### [Dataset section]
·····

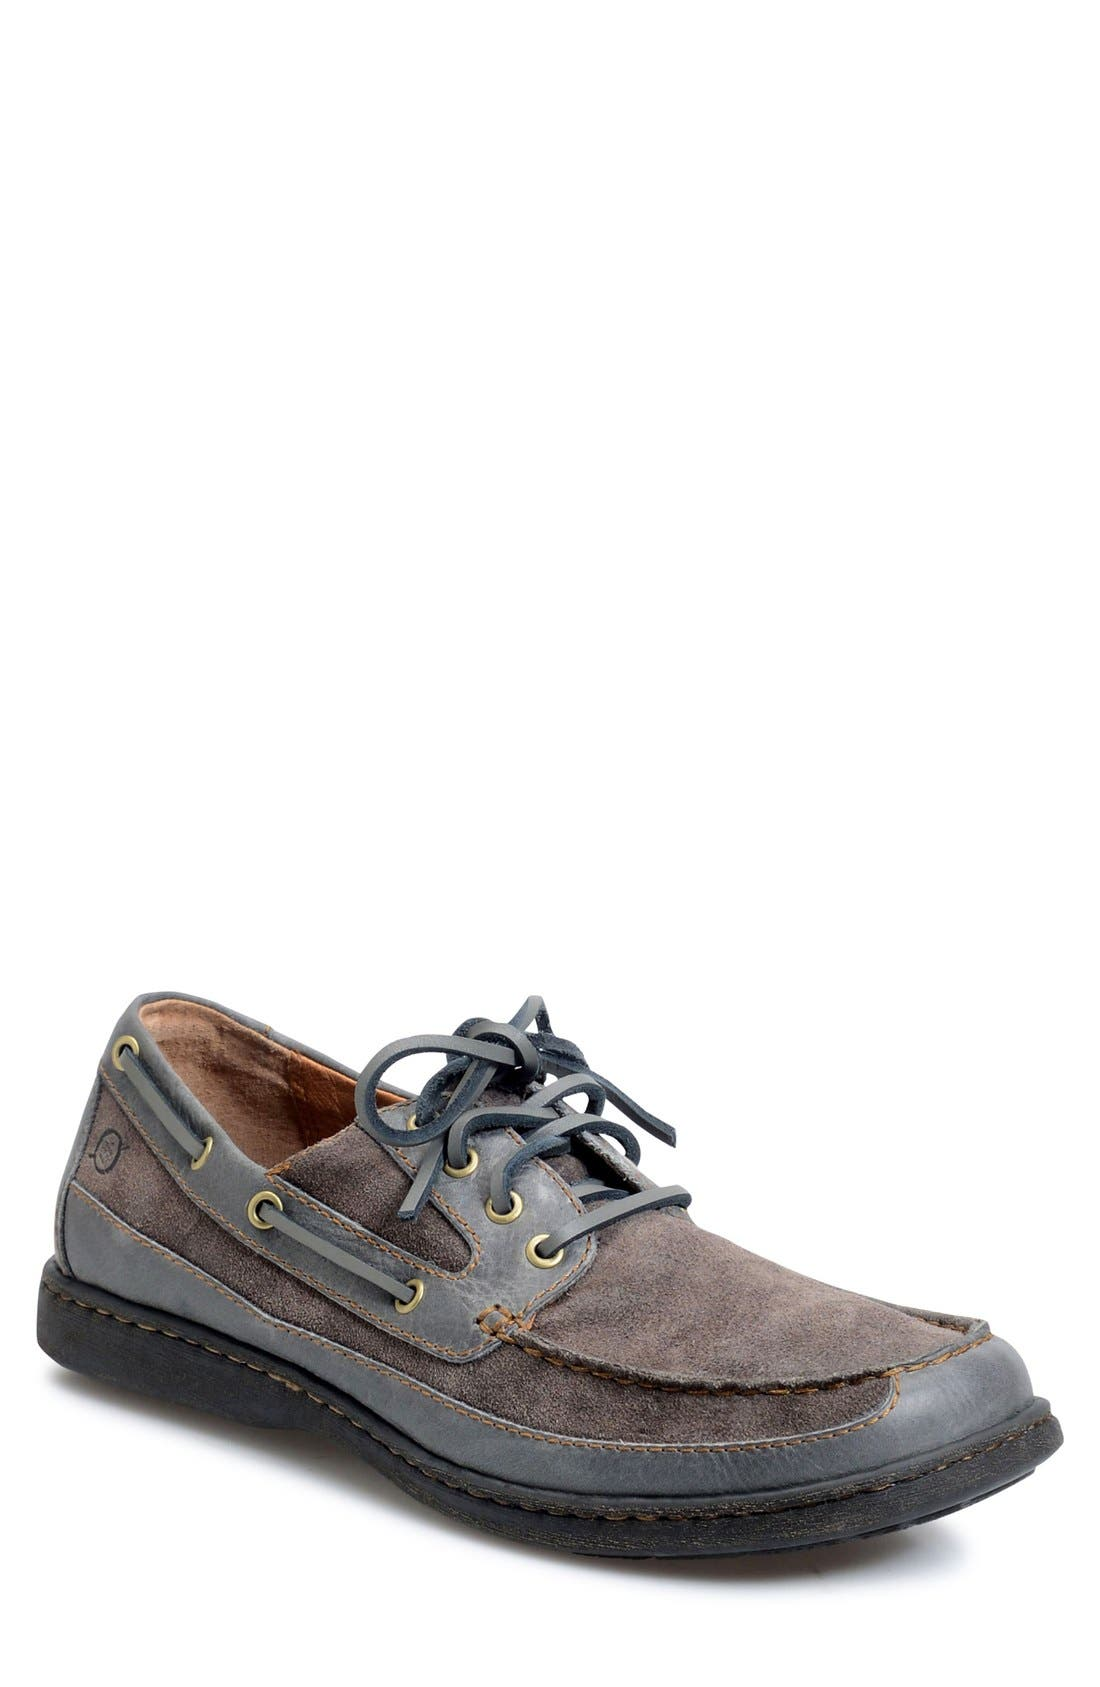 'Harwich' Boat Shoe,                             Main thumbnail 1, color,
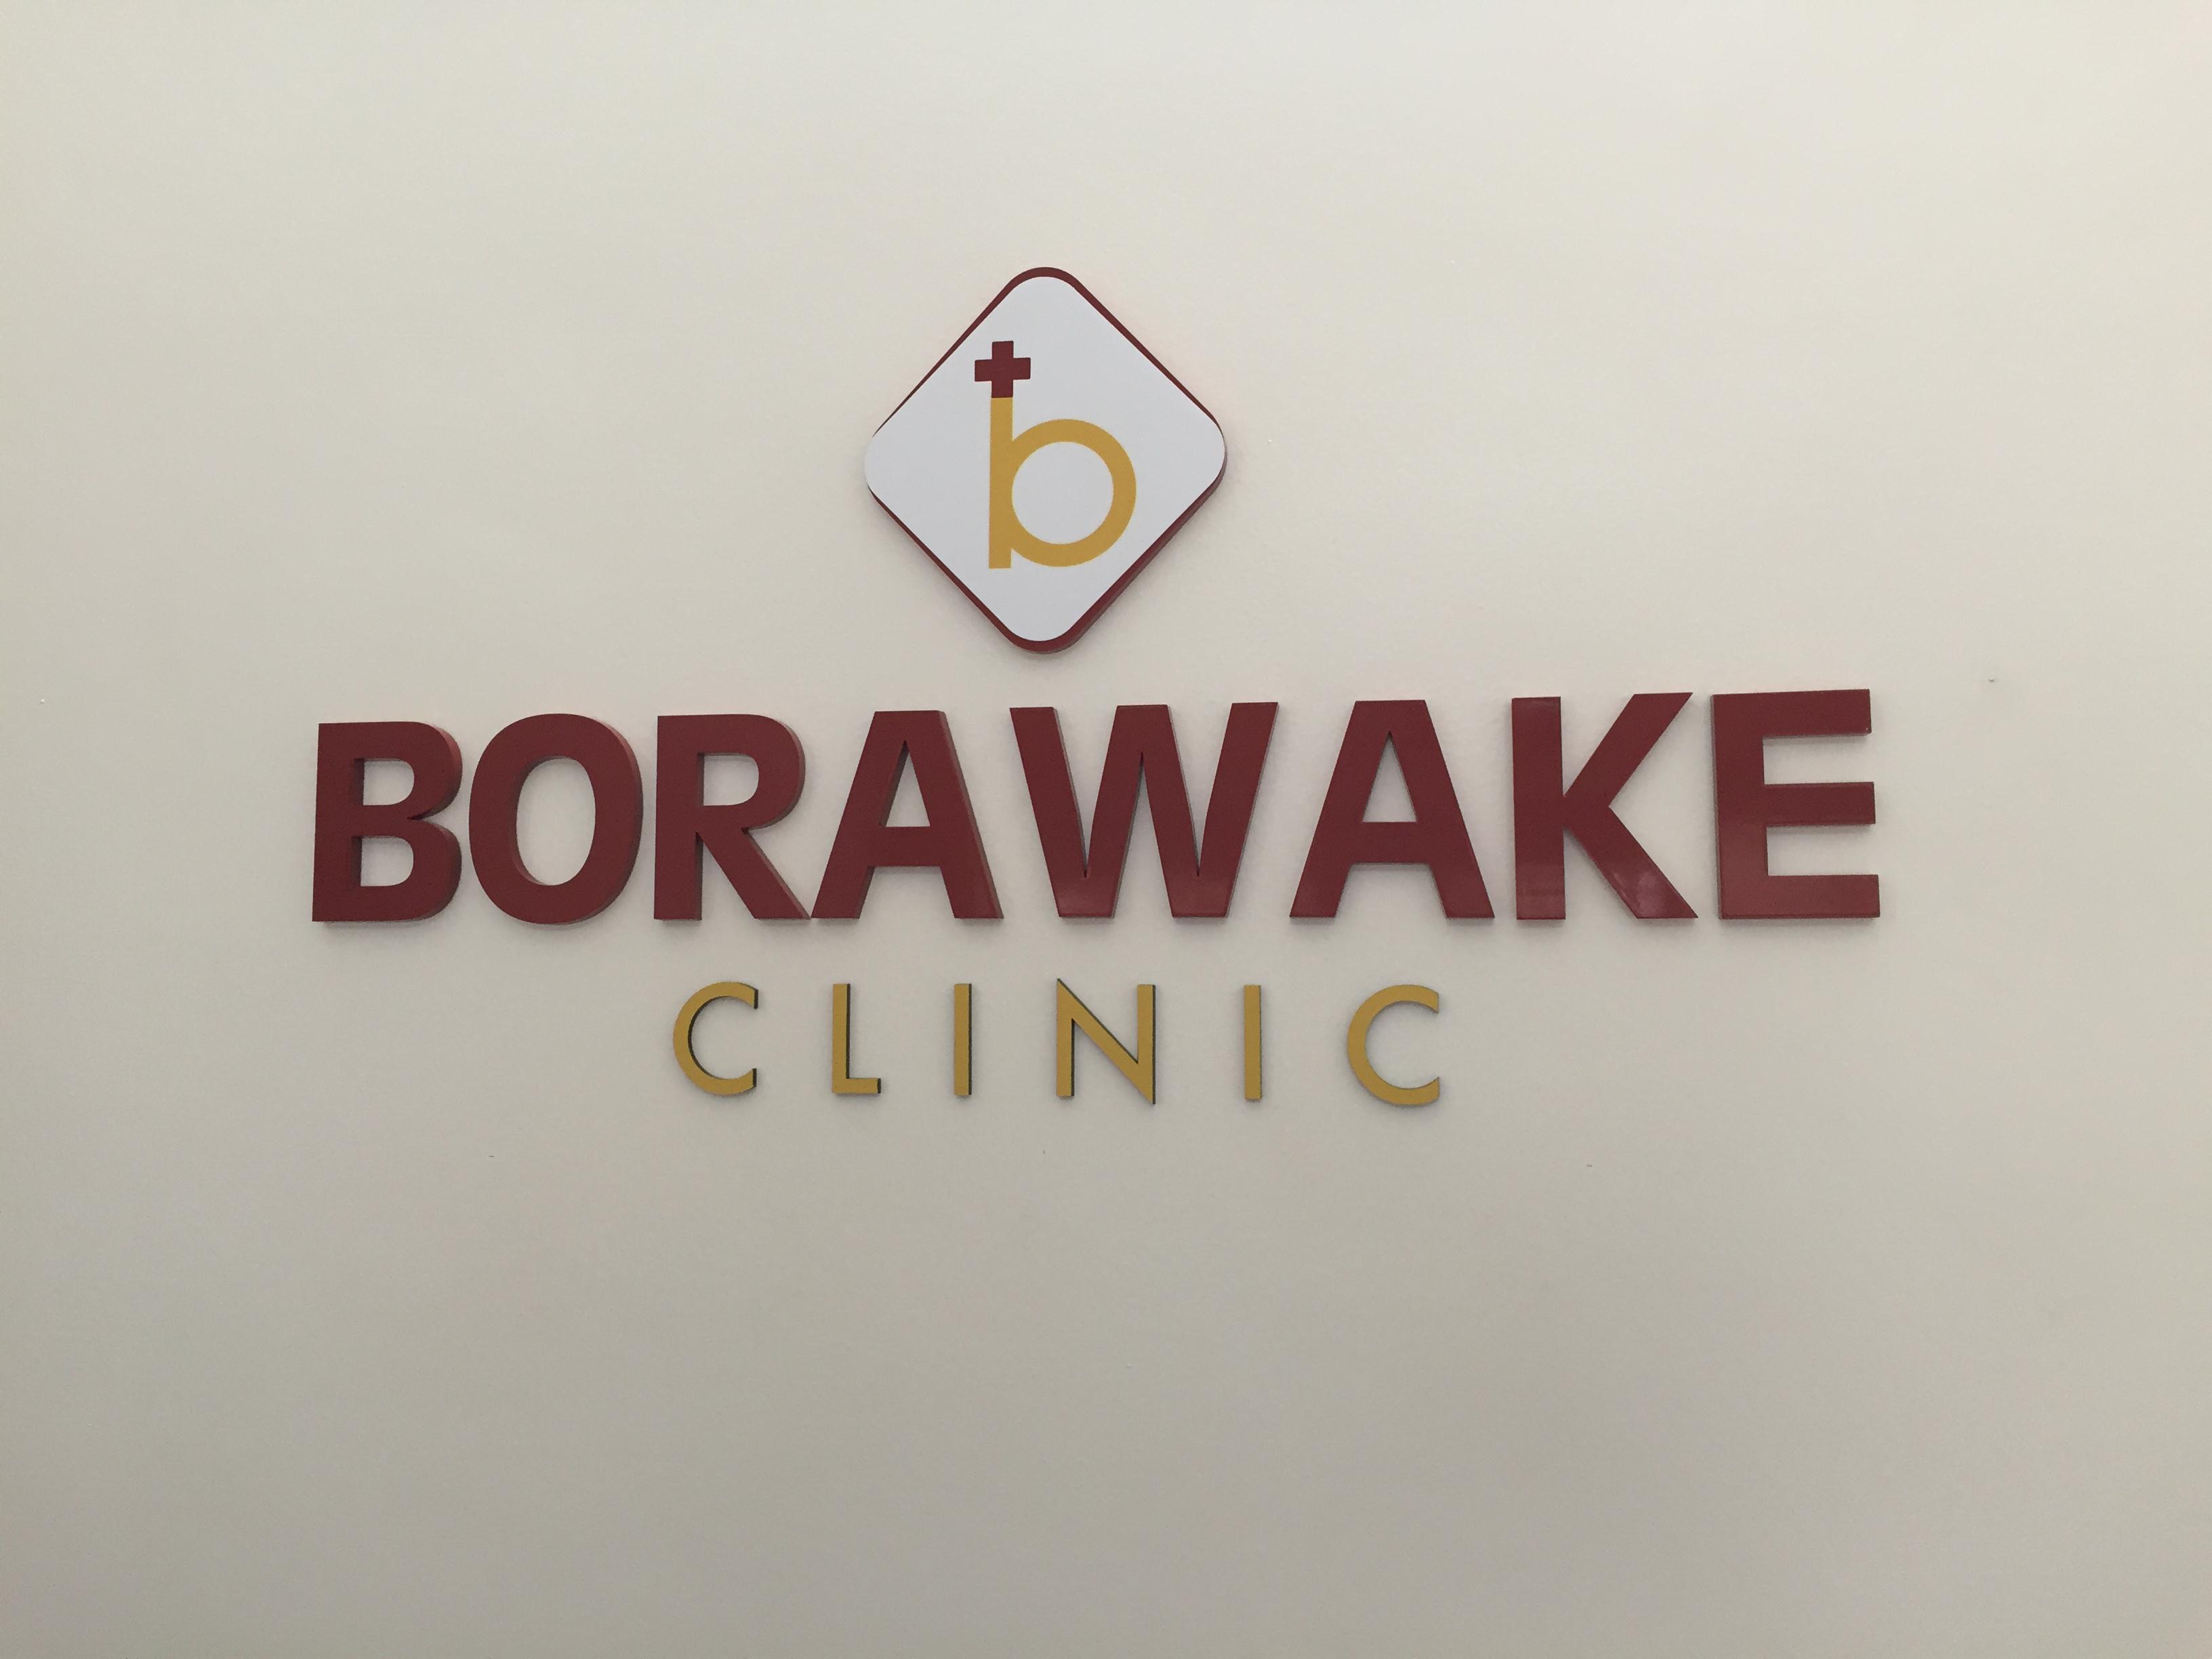 Borawake Clinic
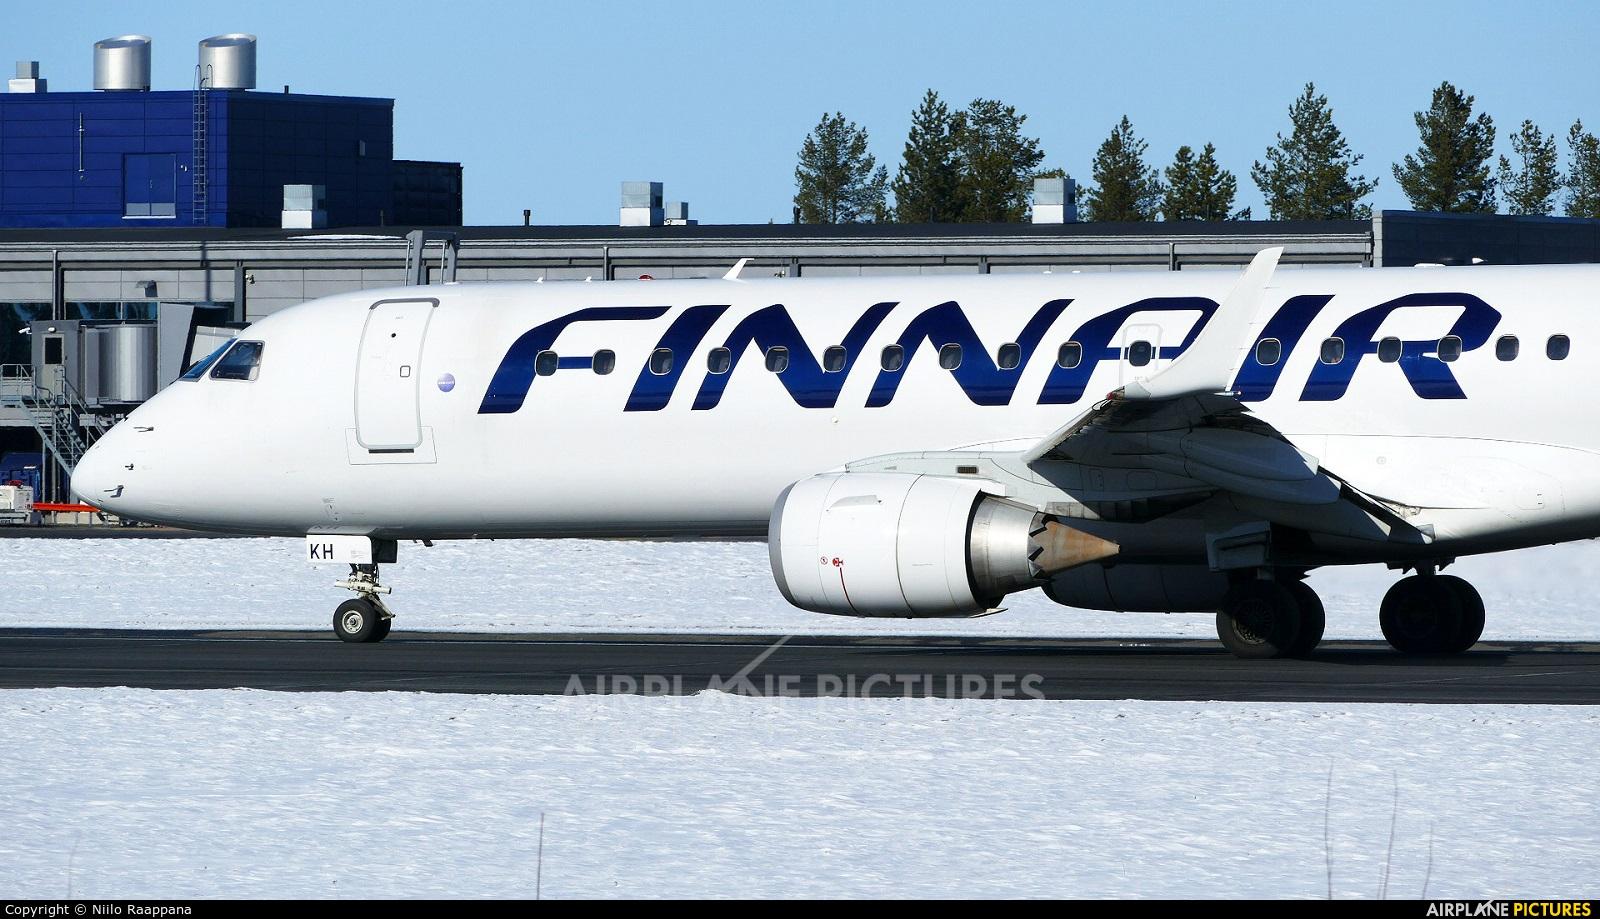 Finnair OH-LKH aircraft at Oulu

·····

### [Task description]
Would you reproduce the listing above in full and exactly, without its pictures?

### [Solution to this exercise]
 'Harwich' Boat Shoe,                             Main thumbnail 1, color,
 Borawake Clinic
 Finnair OH-LKH aircraft at Oulu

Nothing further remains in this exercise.